If we have a visit from an LEA bigwig, I think I might be asked to stay in my classroom. One of my colleagues has leant me her maternity clothes, although, humiliatingly, they are already too small, and another has offered me her Tens machine for labour, although I’ve no clue what that is and have a horrible feeling that I don’t want to find out. Teaching is difficult enough under normal circumstances. Teaching through a nightmare pregnancy when you’re still in that phase of thinking that the school is going to collapse if you take one day off sick is testing the limits of human endurance. I love the books that tell you to avoid stress. I’m not quite sure how you do that when you’re trying to control your gagging reflex and a Year 9 French cover at the same time.
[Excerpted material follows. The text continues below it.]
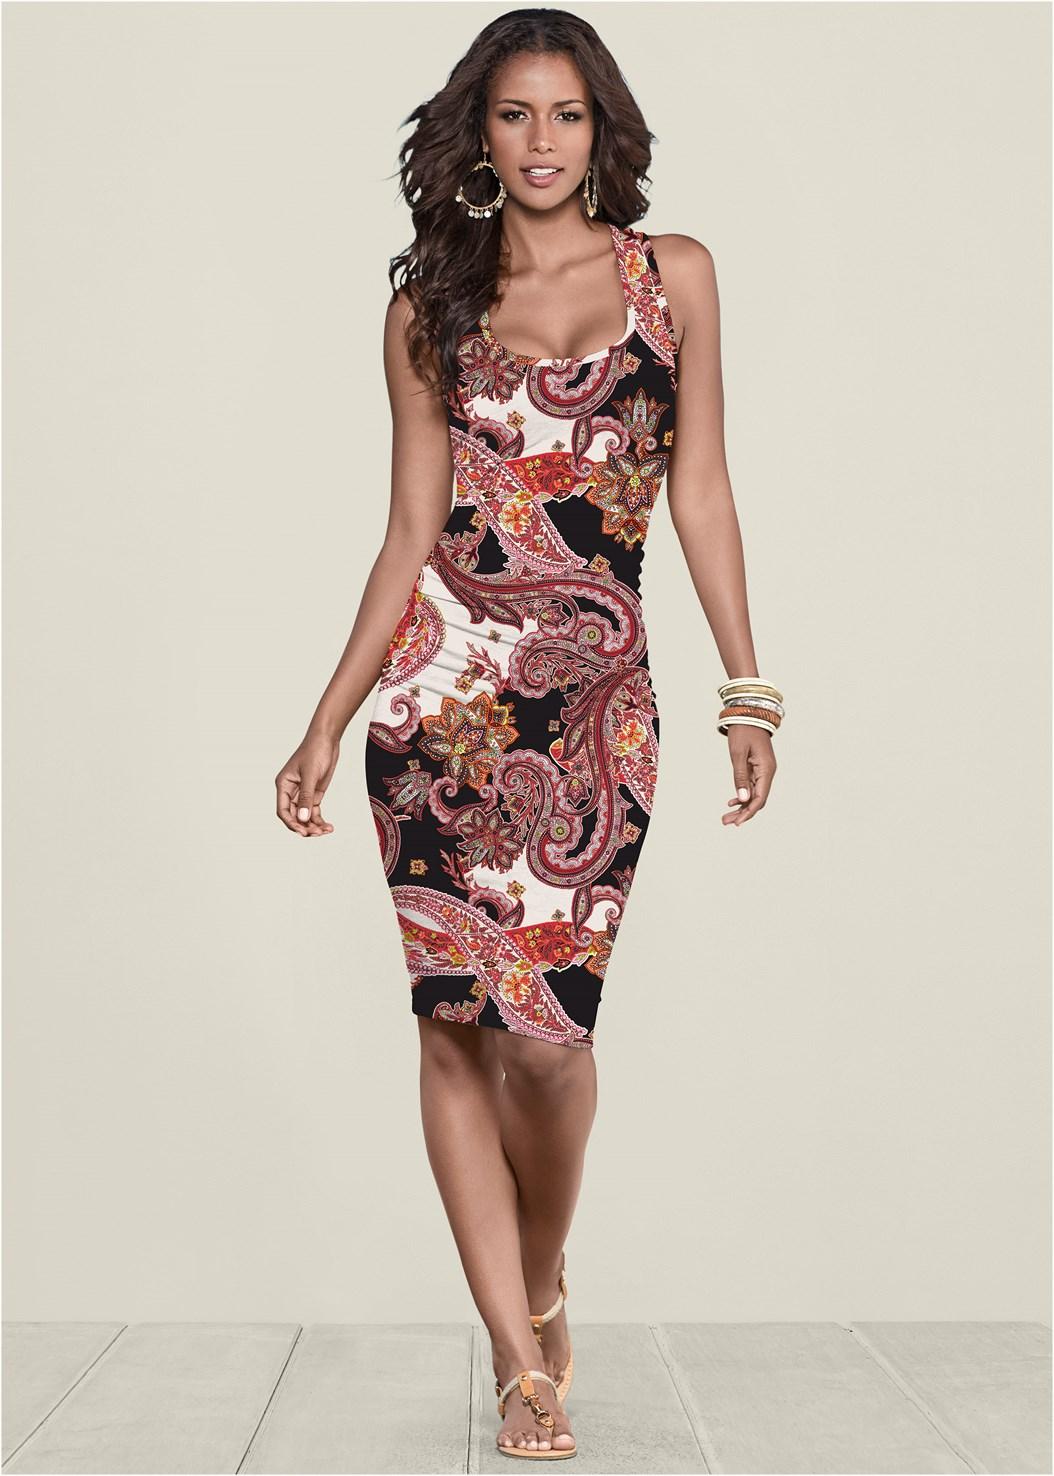 Ruched Print Tank Dress,Sleeveless Ruched Bodycon Midi Dress,Rhinestone Thong Sandal,Tassel Hoop Earrings,Hoop Earrings,Animal Print Bangle Set

So what do pregnant teachers do? I know some of them sail through it looking like cover girls from Pregnancy and Birth magazine. But for those mere mortals who don’t happen to have the genetic make-up of Kate Moss, how do you keep up with your professional demands and still maintain a semblance of sanity? “Don’t make people think that pregnant women can’t cope,” said a colleague brusquely. As I lifted my head out of the toilet before I ran off to take my register, I fought the urge to flick the remains of my breakfast at her.

The doctor told me that sensual massage might help, but the only one I could find lasted an hour and a half, and if I had it, I wasn’t sure when I was going to get my marking done. And can you even qualify to be sensual when your tummy has grown a beard?

So I’m counting the weeks until my maternity leave and inwardly cursing anyone who says to me that the sickness will wear off after the first 12 weeks. “Fine,” I snarl, “but I’m on week 25.”

I did get a bit of sympathy the other day when one of my teaching assistants made me an unexpected cup of tea. “I can see you’re still feeling terrible,” she told me. I actually thought I was beginning to feel better.